Apply_edges with edge features in memory efficient way

Hi all,

Question: My model has edge features, and I want to adapt the DGL Heterogeneous Graph Transformer (HGT) to use them. What is the best way to implement it?

Context: Using source(s) / target (t) nodes, the HGT calculates K(s), Q(t), V(s) and then does apply_edges using K,Q to calculate the attention ‘t’ : sub_graph.apply_edges(fn.v_dot_u('q', 'k', 't')). It later calls the code below to forward the V * attention (message) to the target node, sums all of the source messages per edge type, and then take the mean across all summed edge type messages:

G.multi_update_all({etype : (fn.u_mul_e('v', 't', 'm'), fn.sum('m', 't')) \
                            for etype in edge_dict}, cross_reducer = 'mean')


I believe that I want to do is for the edge features to impact the V calculation (and possibly K), originally done based only on node features v = v_linear(h[srctype]).view(-1, self.n_heads, self.d_k). My guess is that V and K would have to be calculated during .apply_edges, and features would be concatenate(node_features, edge_features). My problem with that is that I imagine this would use way more resources, at least memory wise, because of the concatenation. I am new to DGL, so any ideas on how to implement it efficiently will be very well appreciated (my graph has millions of edges). Thanks!

Hi @felipemello , what’s the next operation after concatenation?
GAT also has a concatenation phase because there is a linear project after concatenation, and in this case we can use “first projection then addition” to replace “first concatenation then projection” to reduce memory footprint.

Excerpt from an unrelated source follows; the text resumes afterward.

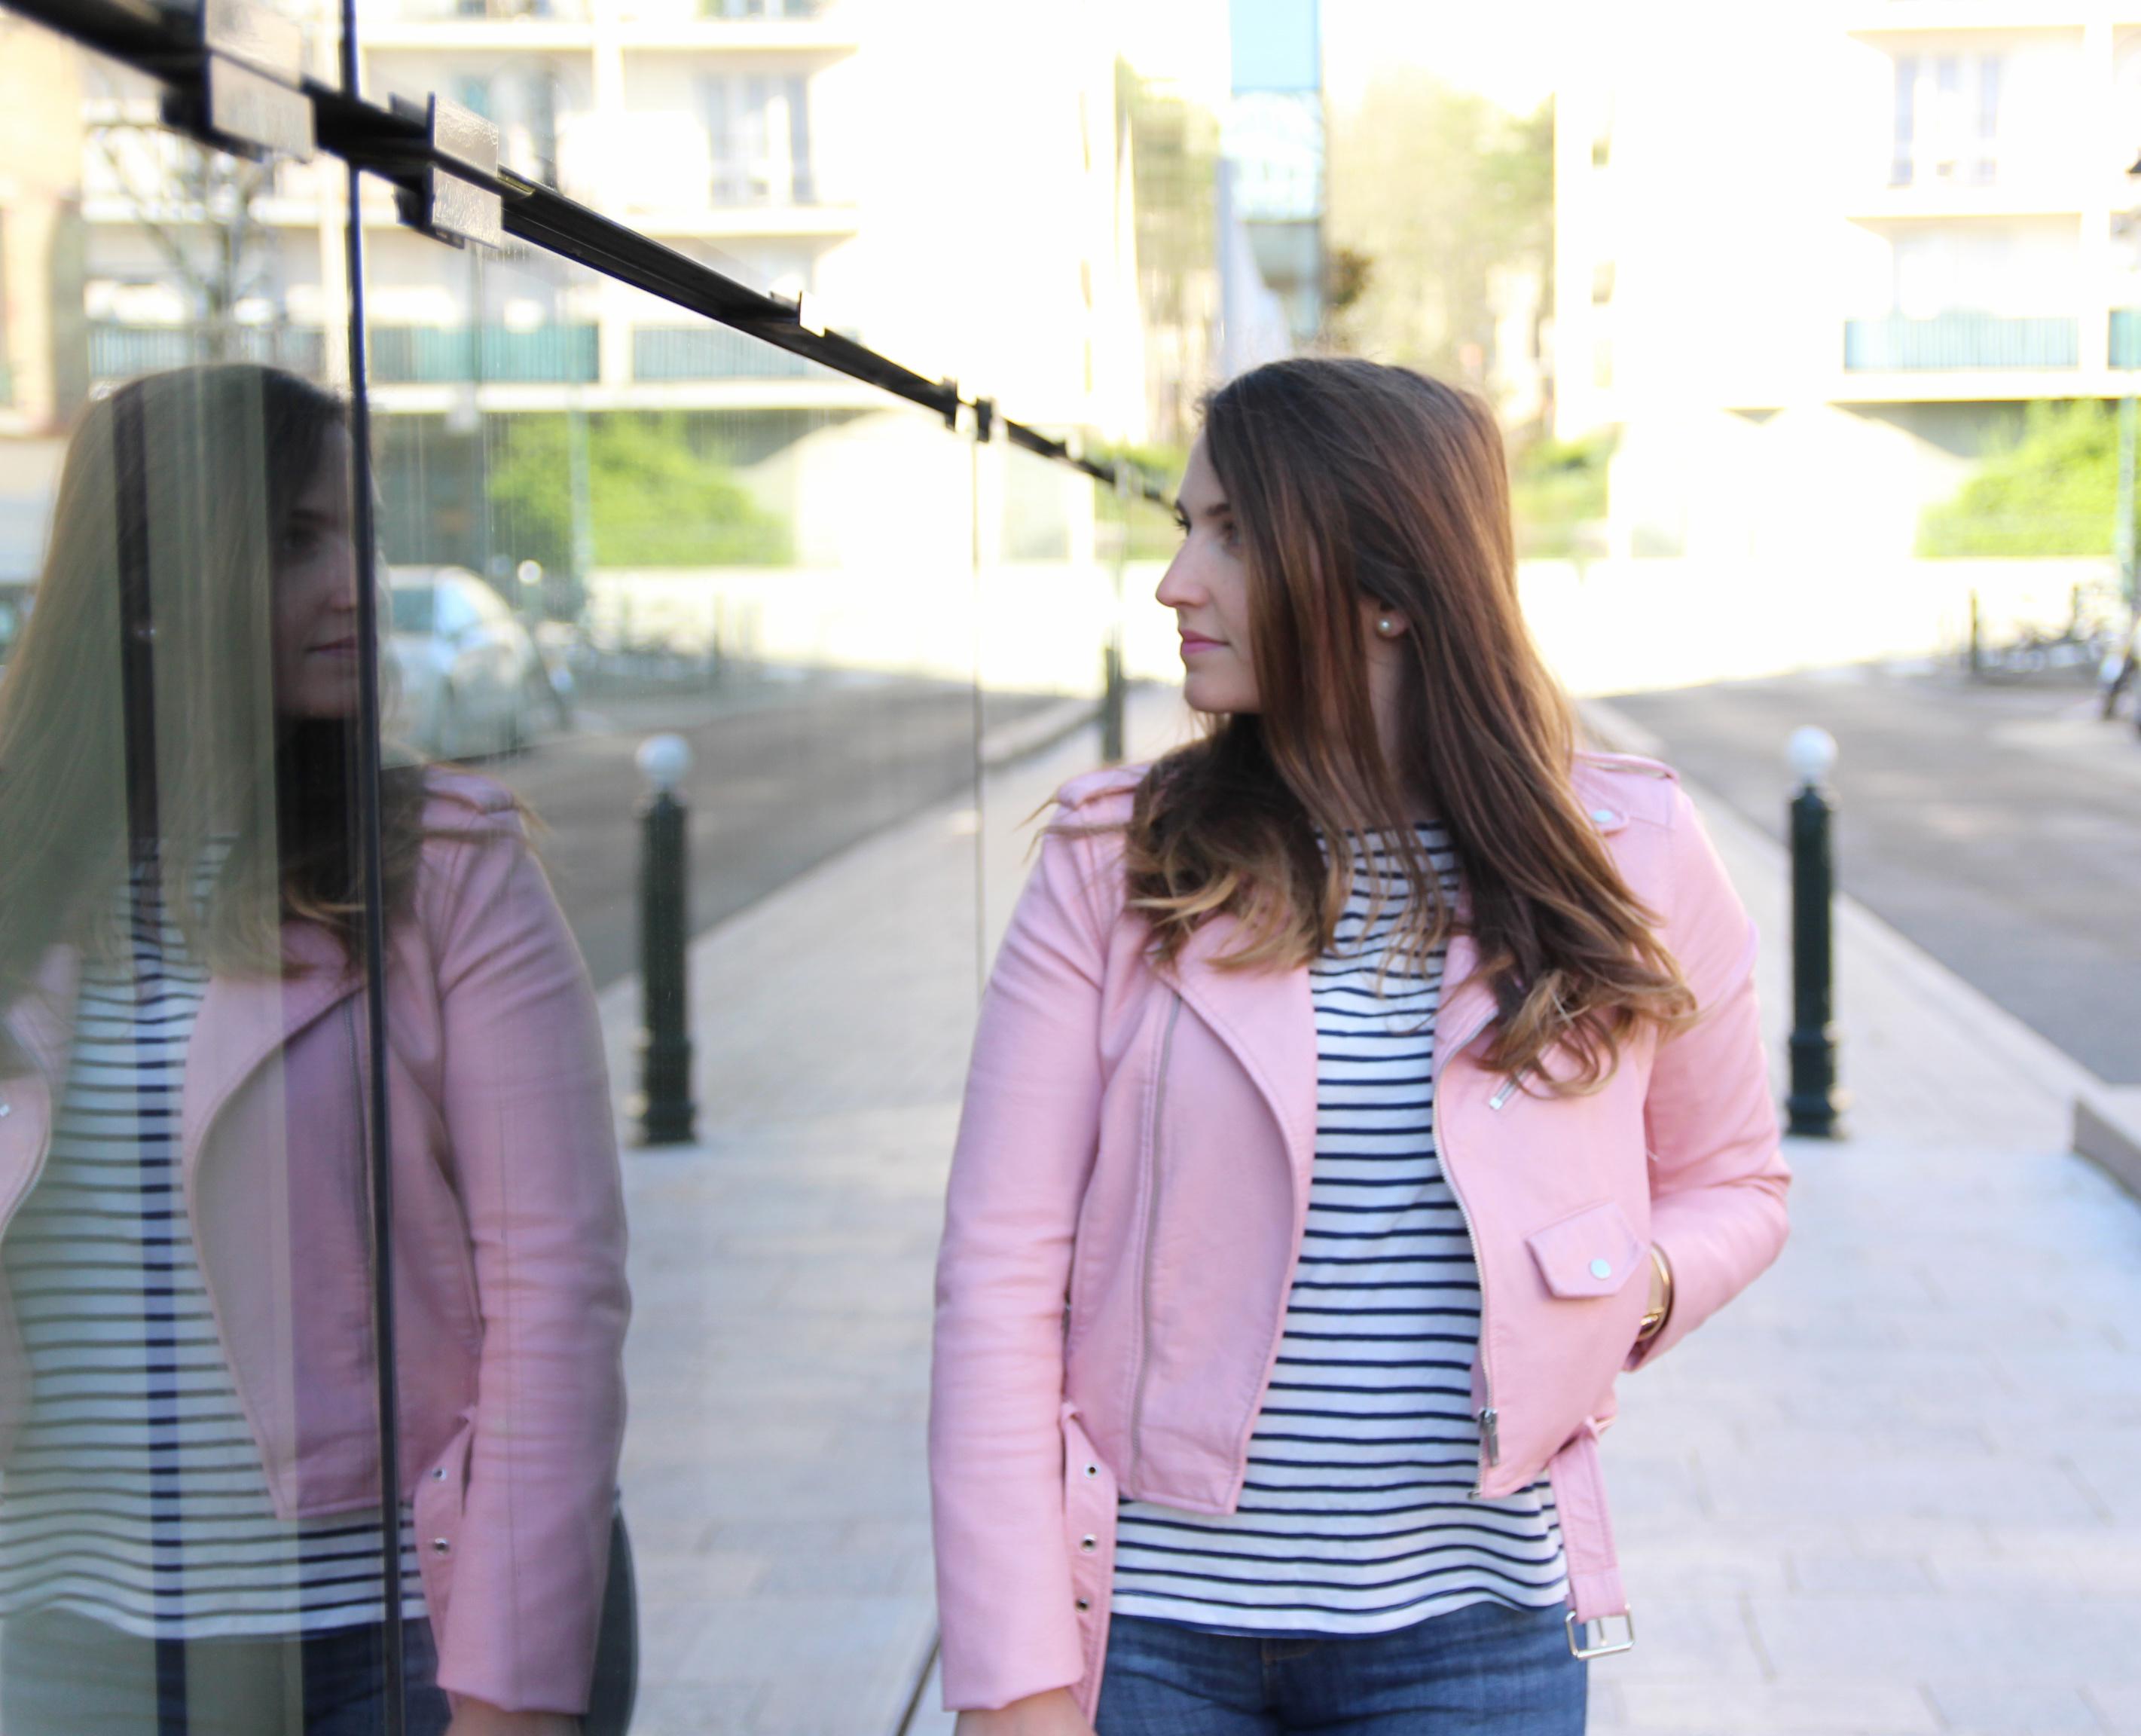 perfecto-rose-zara-marinniere-denim-influencer-fashion-ottd-look-seralynepointcom-paris-IMG_7021

Reference: dgl/ at 0576a33b7f5c8a99f12f70a3aa523dc2200e4a70 · dmlc/dgl · GitHub

In general, if you compute K and V considering edge features, then the concatenation seems indeed inevitable. Based on what your edge features are we may come up with simplifications. What kind of edge features do you have?

Thanks for your replies! @zihao , cool. I had that idea too, but I wasnt sure if this would be any better. I am gonna try it and possibly compare.

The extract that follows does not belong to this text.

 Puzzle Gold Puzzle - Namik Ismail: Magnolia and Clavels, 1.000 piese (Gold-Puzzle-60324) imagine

@BarclayII, my edge features are simple vectors 1xN. Right now, my main feature is actually the edge type. I am using a Biological knowledge graph, and instead of having 10 types of edges between a node pair (e. g. DRUG - GENE), I have a single edge DRUG_GENE, and a vector that contains their relation in the format [1, 0, 0, 1, 1, 0, 0] for every relation that exists.

I see. What made you choose to have a binary vector encoding the relations between two nodes, instead of having multiple edge types between them? IMO in the latter case you can directly apply HGT.

What made you choose to have a binary vector encoding the relations between two nodes, instead of having multiple edge types between them?

So far, it reduced the number of edge types from 74 to 28. Considering that with GNN we usually loop over the edge types to do computations, I imagine that it boosted speed and memory by a significant amount, and probably reduced overfitting and improved generalization, since I wont have 8 different layers for DRUG-GENE associations, for example.

But even if I didnt do it, I still plan on using other edge features in the future.

Not necessarily, actually, we have a plan to replace loop w/ customized operators [WIP][performance] Implement segment gemm with multiple cuda streams. by yzh119 · Pull Request #2715 · dmlc/dgl · GitHub.